Prove that X*(Y-Z) = (X*Y)-(X*Z)

how to proof this X*(Y-Z) = (X*Y)-(X*Z) is true or not without taking examples,can we draw venn diagram for this ?

Mahesh Kumar @maheshkumars 2 Oct 2015 04:55 pm


PS:INTERSECTION(^) in set,which is AND(*) in Algebra.And an number represent a region.             

Kuldeep Narwariya @kuldeepnarwa 2 Oct 2015 04:43 pm

here you are considering * as an intersection but in my question i am declare * as a Cartesian during the designing of venn diagram can we consider cartesian product as an it right way to solve this.....?

Mahesh Kumar @maheshkumars 2 Oct 2015 04:54 pm

yes.In set A.B represents both A and B should present,which is nothing but intersection.

Pritam Prasun @pritam 2 Oct 2015 05:13 pm


Cartesian Product and Intersection are two entirely different thing and Cartesian Product can not be represented by Venn Diagram. Please see the following link mentioned by Ranita.

Mahesh Kumar @maheshkumars 2 Oct 2015 05:47 pm

@pritam:Ya.But Cartesian product is commonly applied for sets(or an element can contain more than one values) .And here i assumed it as simple Algebra(a variable can contain a unique value at a time),so i think Cartesian product will be equivalent  to the product(multiplication).So product(multiplication) can be represented using venn diagrams as intersection. 

Virtual GATE @virtualgate 2 Oct 2015 03:52 pm

X.(Y−Z) can be drawn as follows:
 <dot>  =
Similarly, (X.Y)−(X.Z) can be drawn like this:
<minus> =

Hence, we can say that X.(Y−Z) = (X.Y)−(X.Z)

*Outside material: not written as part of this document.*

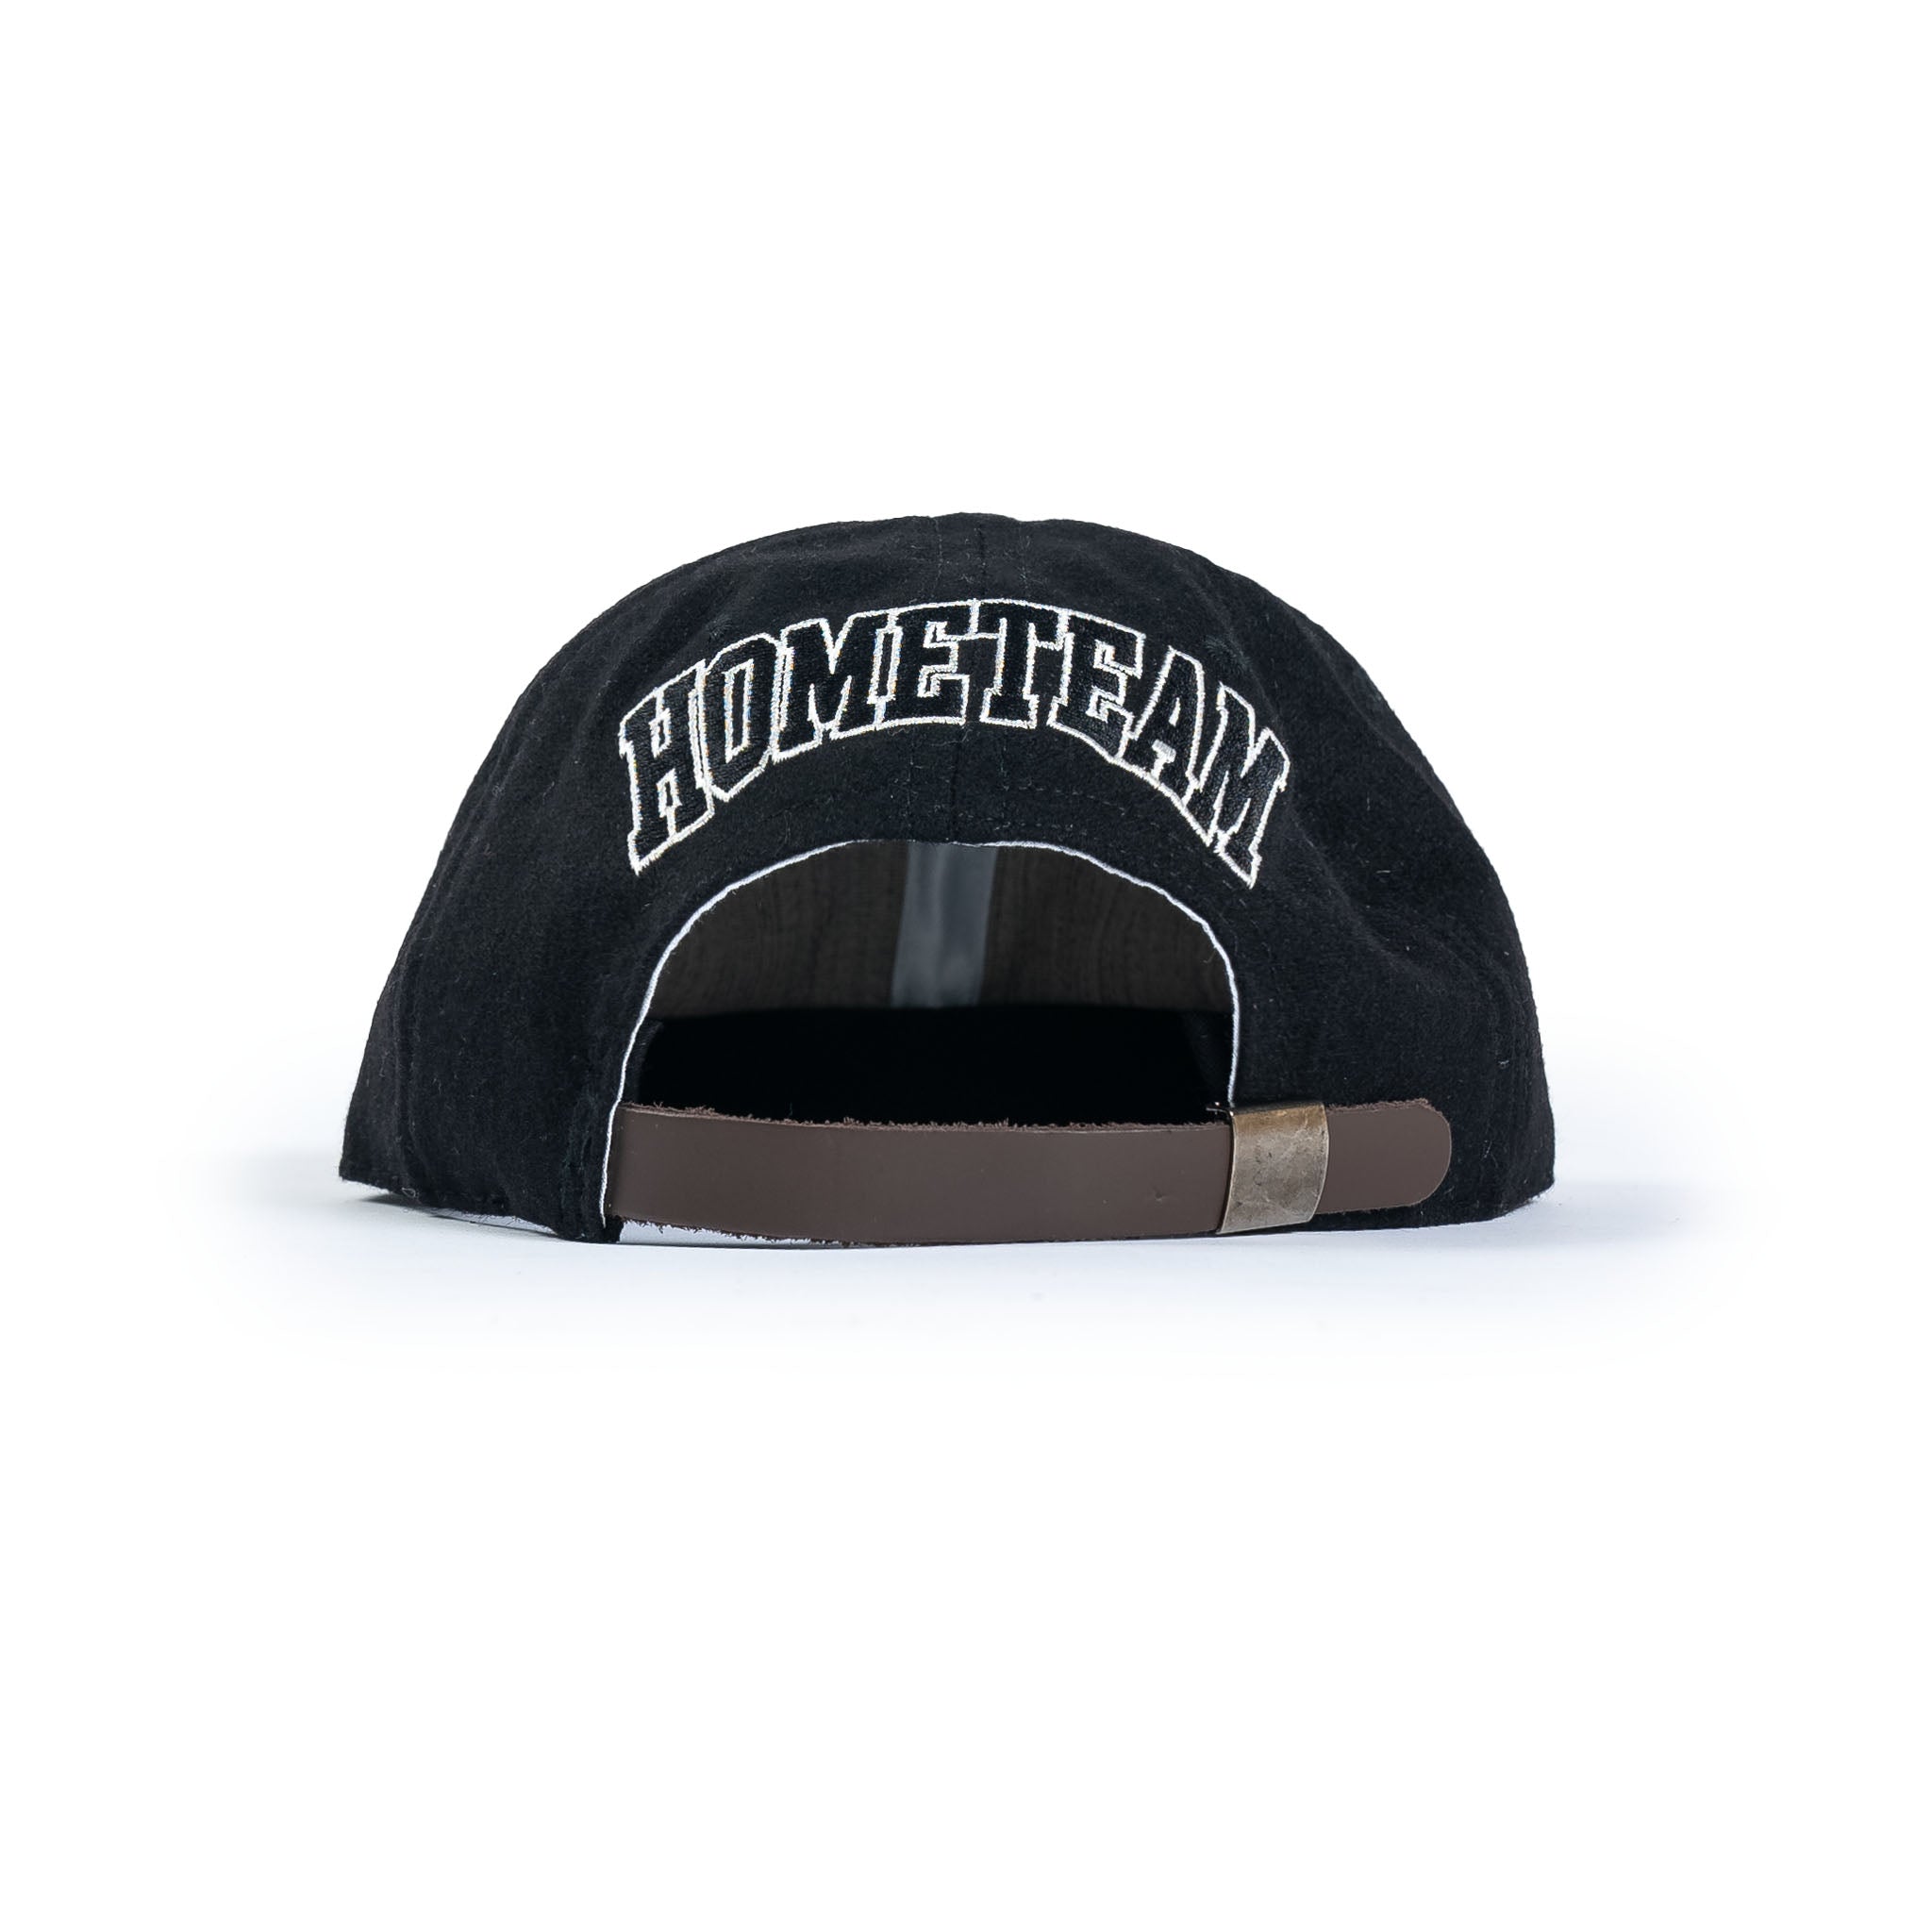 HOMETEAM Back Cap by Ebbets Field

Kuldeep Narwariya @kuldeepnarwa 2 Oct 2015 04:17 pm

you are taking * as an intersection but it is the Cartesian product of  X and i thing this is not the right way to proof it.

Ranita Biswas @ranita 2 Oct 2015 04:45 pm

I don't think Cartesian product can be represented using Venn diagrams. You can try the methods proposed in this link to prove the given expression without using examples.

Piyush Balwani @piyushbalwani 3 Oct 2015 01:13 am

I can tell you the formal proof,but without venn diagram.

(x,y)is all elements that belongs to A×(B∪C)
Obviously, x belongs to A and y belongs to (B∪C)
x∈A and y∈(B∪C)
x∈A and (y∈B or y∈C)
(x∈A and y∈B) or ( x∈A and y∈C)
(x,y)∈A×B or(x,y)∈A×C    (Since, A×B contains all element of type (A,B))
Since,(x,y) belongs to (A×B)∪(A×C),means atleast (A×B)∪(A×C) contains (x,y) which is all elements that belongs to A×(B∪C)
therefore, A×(B∪C)⊂(A×B)∪(A×C)

Similarily take (x,y): all elements that belongs to (A×B)∪(A×C) and derive in same way (x,y)∈A×(B∪C)
and conclude (A×B)∪(A×C) ⊂ A×(B∪C).

Hence,A×(B∪C)=(A×B)∪(A×C).(because sets are subsets of each other, then they are equal.)